Belakangan ini, sejumlah kasus penggelapan kembali menjadi perhatian publik. Salah satu yang paling sering ditemukan adalah penggelapan kendaraan bermotor yang berawal dari hubungan pertemanan, kerja sama, atau pinjam pakai. Dalam banyak kasus, kendaraan yang dipinjam kemudian dialihkan, digadaikan, bahkan dijual kepada pihak lain tanpa sepengetahuan pemiliknya.

Selain itu, penggelapan dana perusahaan juga beberapa kali mencuat ke publik dan berujung pada proses hukum. Kasus semacam ini umumnya terjadi ketika seseorang yang diberikan kewenangan mengelola keuangan justru menggunakan dana tersebut untuk kepentingan pribadi.

Menurut Andi Akbar, meningkatnya perkara penggelapan menunjukkan pentingnya kehati-hatian dalam setiap hubungan yang melibatkan uang, barang, maupun aset lainnya.

Ia mengimbau masyarakat untuk selalu memastikan adanya dokumen tertulis ketika melakukan penitipan, peminjaman, kerja sama usaha, atau penyerahan barang kepada pihak lain.

"Dokumen yang jelas akan sangat membantu apabila di kemudian hari muncul permasalahan hukum. Semakin lengkap bukti yang dimiliki, semakin mudah pula menjelaskan posisi hukum masing-masing pihak," ujarnya.

Bagi masyarakat yang merasa menjadi korban penggelapan, ia menyarankan agar segera mengamankan seluruh bukti yang berkaitan dengan kepemilikan dan penyerahan barang, termasuk kuitansi, perjanjian, bukti transfer, percakapan elektronik, maupun identitas saksi yang mengetahui peristiwa tersebut.

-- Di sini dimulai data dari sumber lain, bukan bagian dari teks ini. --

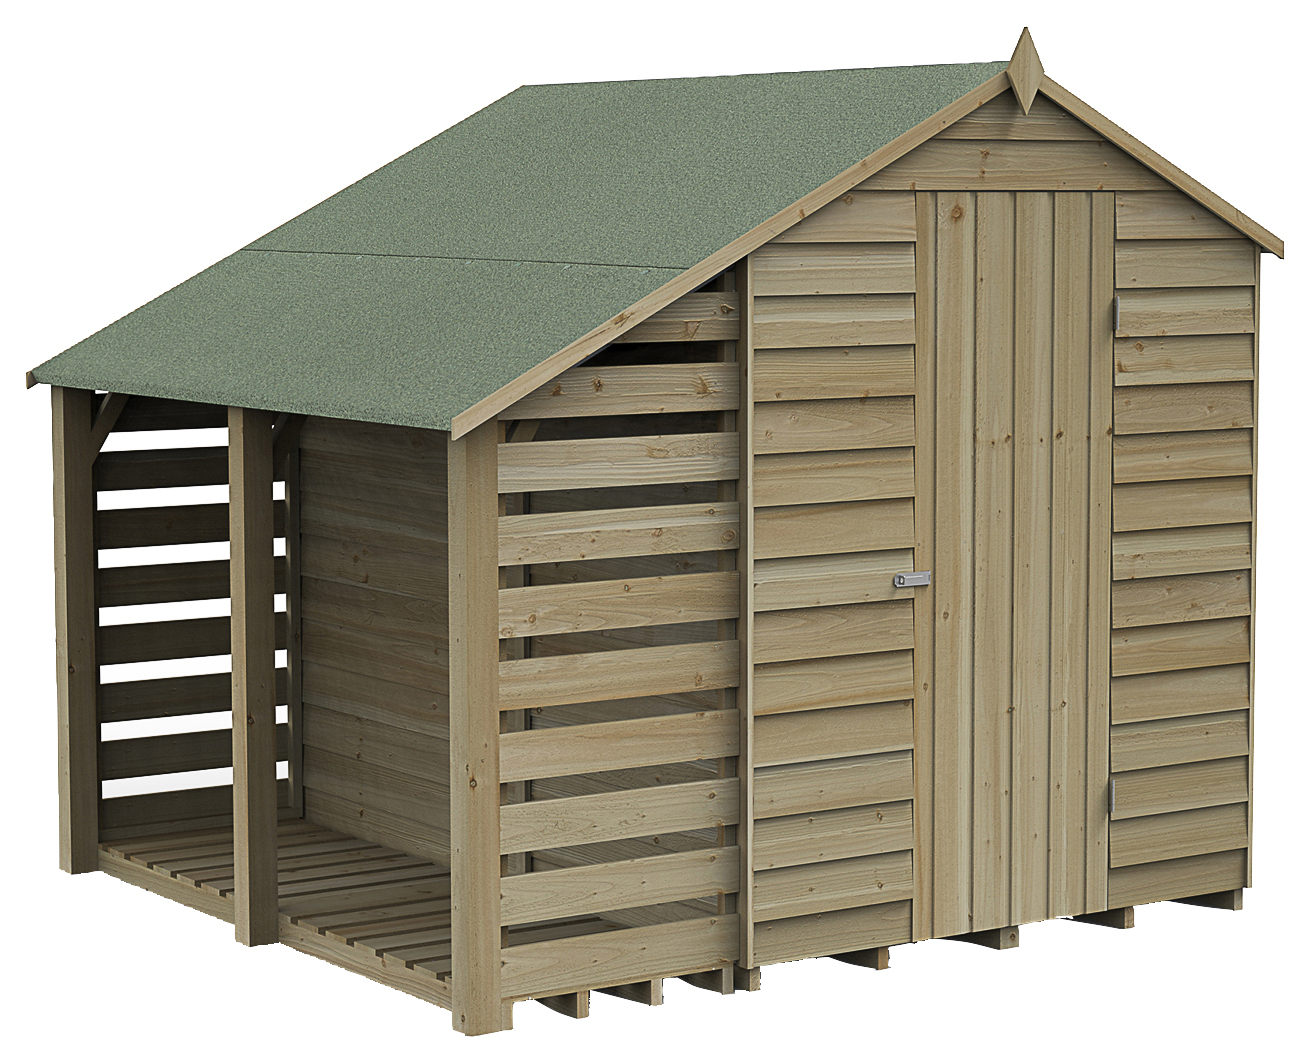 Image of Forest Garden 7 x 5ft 4Life Apex Overlap Pressure Treated Windowless Shed with Lean-To and Assembly

Menurutnya, bukti-bukti tersebut memiliki peran penting untuk menentukan langkah hukum yang tepat serta mendukung proses pembuktian apabila perkara berlanjut ke ranah hukum.

"Korban berhak memperoleh perlindungan hukum dan meminta pertanggungjawaban atas kerugian yang dialaminya. Karena itu, penting untuk segera mengamankan bukti dan berkonsultasi mengenai langkah hukum yang tersedia," tegasnya.

Lebih lanjut, Andi Akbar menilai bahwa penggelapan pada dasarnya merupakan bentuk penyalahgunaan kepercayaan yang diberikan oleh orang lain. Oleh karena itu, kesadaran hukum dan penghormatan terhadap hak milik menjadi faktor penting untuk mencegah terjadinya tindak pidana tersebut.

"Kepercayaan merupakan fondasi penting dalam hubungan sosial maupun bisnis. Ketika kepercayaan itu disalahgunakan untuk menguasai hak milik orang lain secara melawan hukum, maka perbuatan tersebut dapat menimbulkan konsekuensi hukum yang serius," katanya.

Kalangan hukum menilai bahwa penegakan hukum yang konsisten terhadap pelaku penggelapan menjadi bagian penting dalam memberikan perlindungan kepada masyarakat dan dunia usaha. Di tengah meningkatnya aktivitas ekonomi dan transaksi berbasis kepercayaan, pemahaman terhadap aspek hukum serta dokumentasi yang baik dinilai menjadi langkah preventif yang efektif untuk mengurangi potensi sengketa maupun tindak pidana penggelapan di masa mendatang.